La Belle dormit cent ans

L
Gunnar Staalesen

La Belle dormit cent ans

Norvège (1980) – Gaia (2002)

Titre original : Tornerose sov i hundre år
Traduction d'Elisabeth Tangen et Alexis Fouillet

Le privé Varg Veum est chargé de retrouver Lisa, une adolescente de 16 ans qui s'est enfuie du domicile parental. Parcourant les bas-fonds de Copenhague, il retrouve la jeune fille se prostituant pour payer son prochain fix et la ramène difficilement au bercail. Là, les voisins des parents de Lisa lui demandent de partir à la recherche de leur fils, Peter, un bon garçon qui aurait mal tourné à cause de l'adolescente.

Ancien travailleur social devenu détective privé, Varg Veum a la réputation de savoir écouter les jeunes en rupture de ban et les familles désolées qui en sont la cause et/ou la contrepartie. Or, nous le savons très bien, ces histoires entre proches sont souvent les plus noires, surtout quand elles dissimulent leurs secrets derrière une facade d'honorabilité, ici celle de la bonne société de Bergen.

Gunnar Staalesen La Belle dormit cent ansLa belle qui dormit cent ans n'est pas un roman aussi sombre que le résumé que j'en donne, notamment grâce à une écriture vivante et un sens de l'humour omniprésent, Staalesen va suivre à la trace deux grands thèmes, pas spécifiquement norvégiens, avec en toile de fond le problème très prégnant de la drogue et de la criminalité qu'elle induit. Le premier est celui de l'impossible communication entre les êtres. Les Halle, les Werner mais également Veum avec son fils Thomas sont totalement perdus dès qu'il s'agit de dialoguer avec leurs enfants, mais pas pour les mêmes raisons.
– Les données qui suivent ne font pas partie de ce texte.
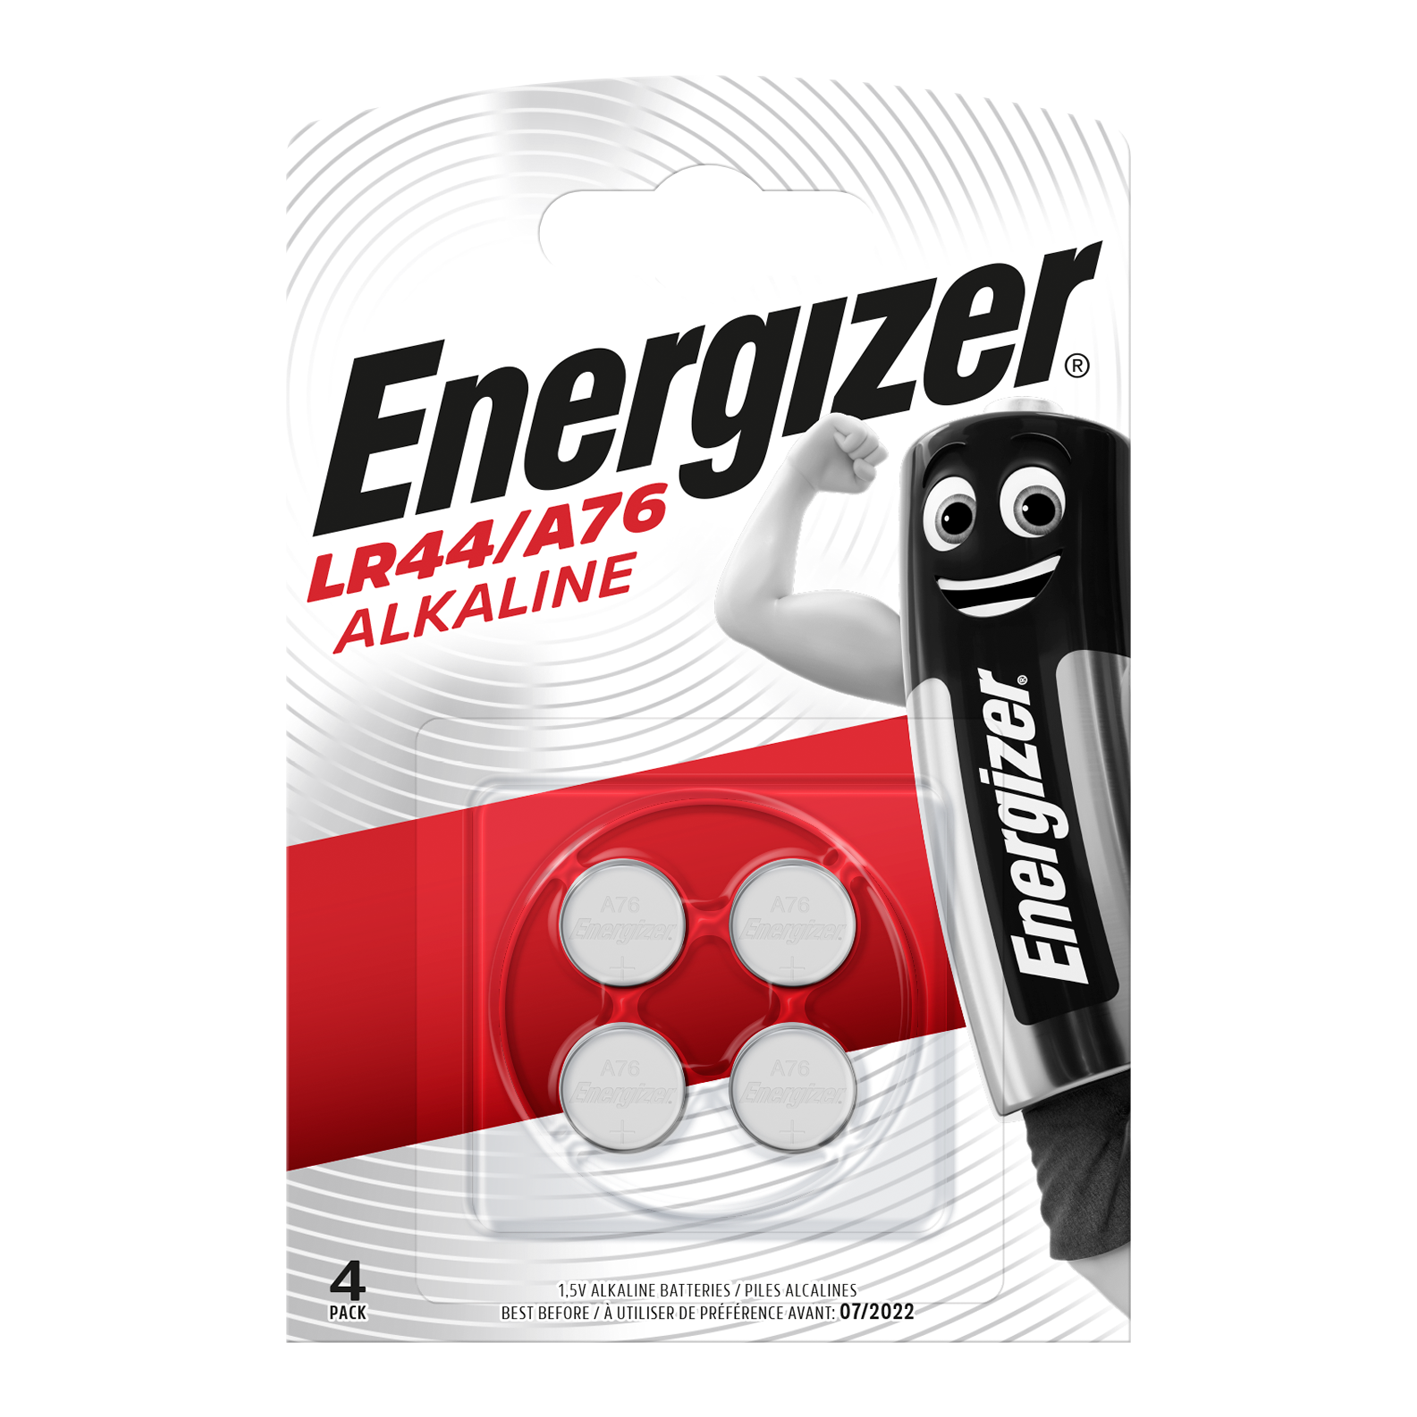 Energizer LR44/A76 pila alcalina tipo botón, paquete de 4

Les parents de Lisa ne comprennent pas vraiment pourquoi il faudrait dialoguer puisque, ayant tout offert à leur fille, ils attendent en retour « qu'elle illumine leur vieillesse ». Chez les Werner, parler était inutile puisque la mère faisait les questions et les réponses. Veum ne s'en sort pas beaucoup mieux avec son fils Thomas, le poids de la culpabilité du divorce et la déconsidération qui hante notre détective en plus. Au moins voit-il tout ceci avec une vraie lucidité dont les autres personnages sont totalement dénués.
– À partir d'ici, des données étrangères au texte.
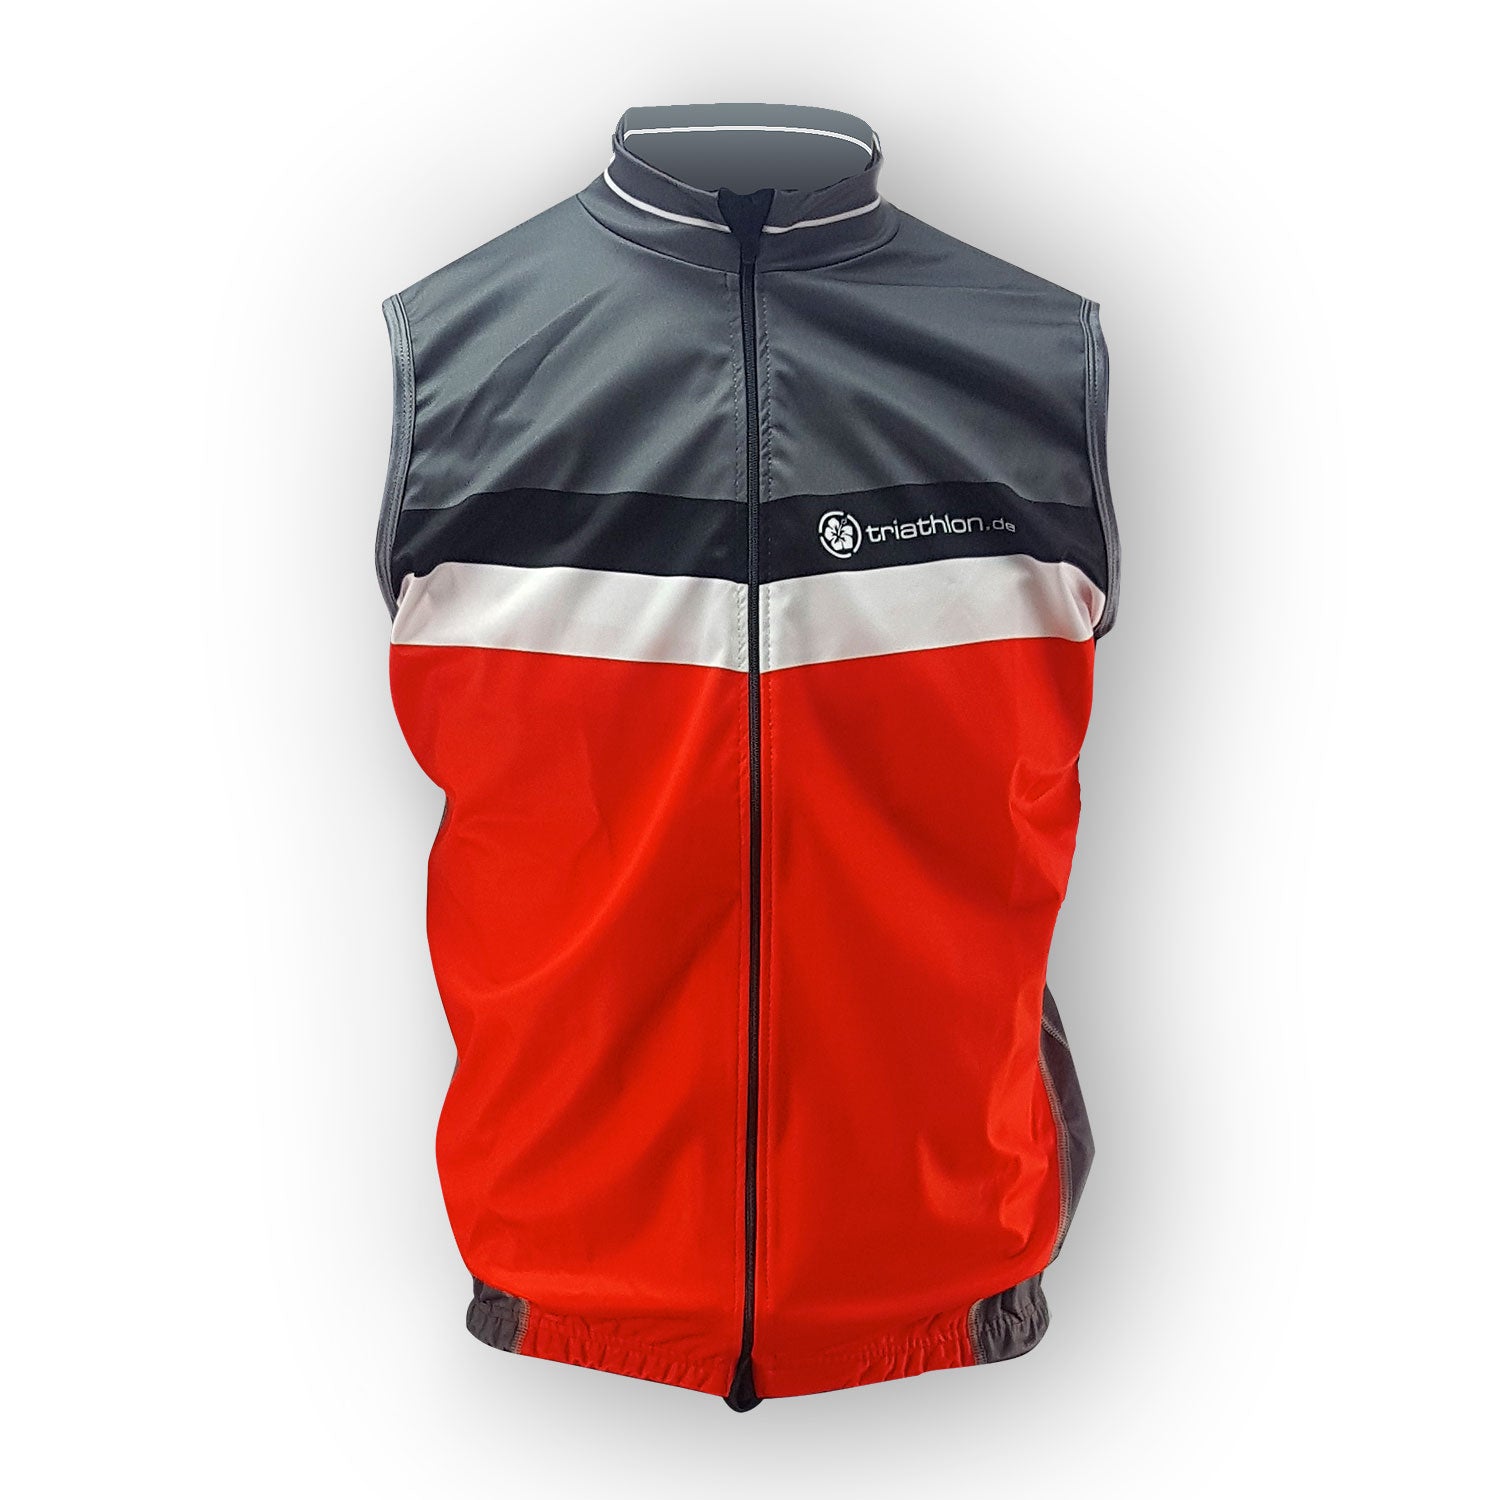 triathlon.de elite cycling vest, men, black/grey/red

Cependant, les problèmes de communication ne sont pas seulement générationnels. La misère, les compromis sordides, la haine qui sourd de tous ces couples, et que découvre Veum progressant dans son enquête, reposent aussi sur beaucoup de non-dits, et sur la dissimulation, le trucage des sentiments et des livres de comptes. Le mensonge est la deuxième trace suivie par Gunnar Staalesen et c'est sur cette tromperie des apparences que se ferme la dernière phrase de La belle qui dormit cent ans. Tous pensent que leurs turpitudes peuvent être dissimulées derrière leur honorabilité en toc, mais c'est bien à l'abri de ces mensonges que se nouent les douleurs, les médiocres petites affaires et le meurtre. Même Veum n'est pas exempt de reproches dans cette comédie tragique, quand il reçoit son fils le week-end ou lorsqu'il fait sauvagement l'amour à Irene en pensant à Solveig.

On perçoit donc mieux pourquoi Varg Veum comprend si bien les autres, même si Staalesen donne à son fragile héros une lucidité et une compassion qui finalement le distingue. Divorcé, amoureux d'une femme marié, enivré par la sensualité des femmes (l'écriture de Staalesen dans ces moments intimes est excellente) Varg Veum et son humour (acide et/ou désespéré) n'arrive pas toujours à tenir à distance les ennuis et la dureté du monde. C'est bien sûr ce qui fait tout l'intérêt de La belle qui dormit cent ans.